Welcome to the most unhinged cooking class of your life. Sydney's Sausage Queen Chrissy Flanagan (hi, it's me) will lead you through the entire sausage making process in the most irreverent possible fashion. Yes, you'll learn to make sausages, but almost by accident, you know?
Our session is a two-hour "class" followed by a one-hour "meal", by which we mean we will make sausages and talk trash for two hours and then eat sausages and shoot the breeze and drink for another hour.
Bottomless booze is included, and only really nice ones, generally small-batch beers made by women and wine made by women who love women. We also have all your non-alcoholic needs catered to as well.
Not recommended for those easily shocked by scandalous women (unless you want to send your conservative Dad for me to tease him, that's fine too, and he'll not so secretly love it).
It's an open, participatory environment, so come ready to make new friends along the way.

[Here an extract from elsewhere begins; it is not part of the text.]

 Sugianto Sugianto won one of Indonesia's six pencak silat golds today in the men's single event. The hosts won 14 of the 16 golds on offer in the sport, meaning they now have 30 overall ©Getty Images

All events are hosted by Chaotic Socialite Chrissy Flanagan and her deputy, poodle Bobbin.
About Chaotic Social
We’re really very friendly. Come stag, come with a mate, come with a whole crop of cousins, either way it’s a warm and inviting atmosphere and we mix and marinate.

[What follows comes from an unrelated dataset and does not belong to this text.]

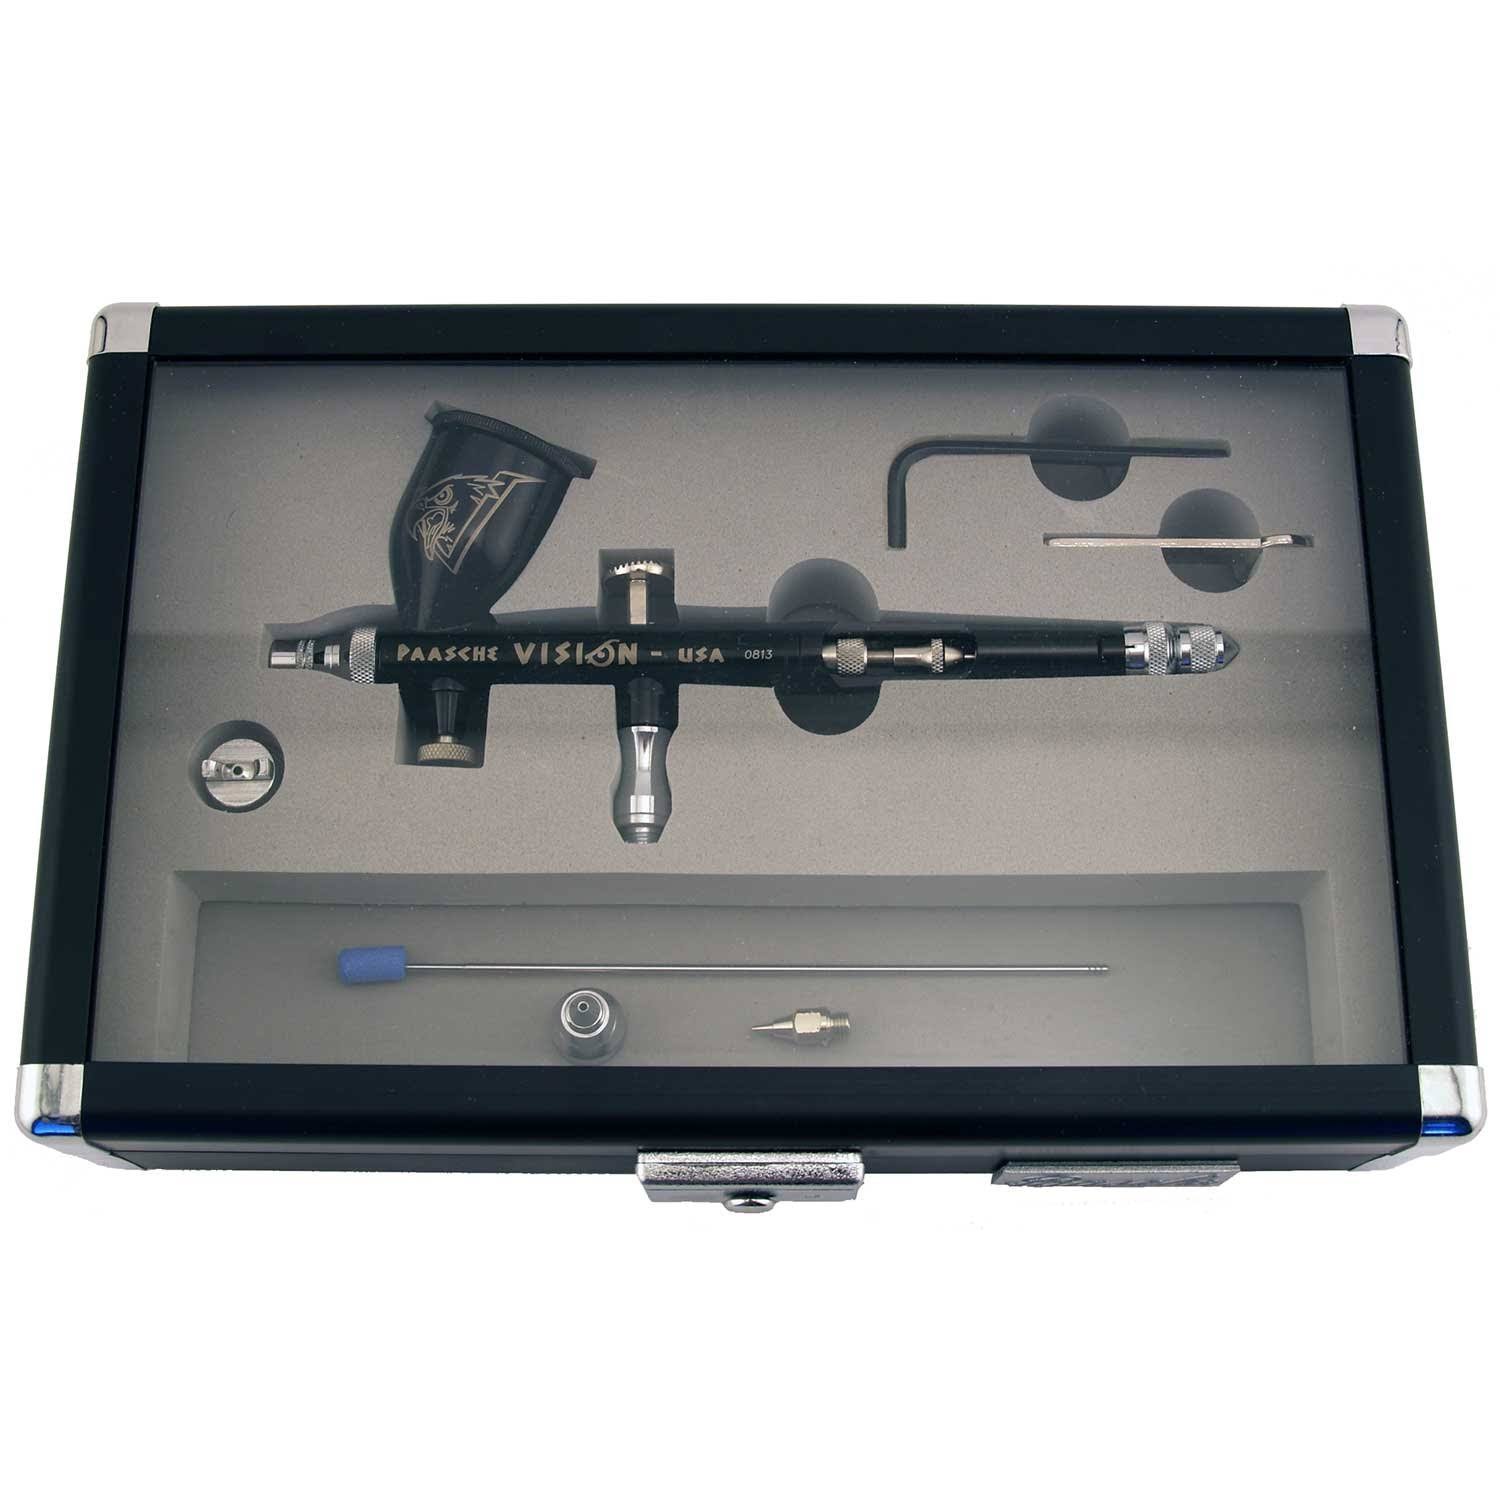 Paasche Airbrush Vision Gravity Feed Double Action Airbrush Set

Fair warning: I can’t swear there won’t be games, and there will definitely be nametags.
Beginner-friendly. Made for fun spirits.
 
- A two-hour sausage making situation and one hour hang/eat
- The sausages you make to your own recipe to take home and dazzle your housemates
- Bottomless booze
- New mates
An esky if you're kicking on to the pub or whatnot.
 
This class is great for
individuals
and couples
as well as for
a team building activity, birthday or hens party.
This would also be a
unique
gift for her,
gift for mum,
anniversary gift or
birthday gift.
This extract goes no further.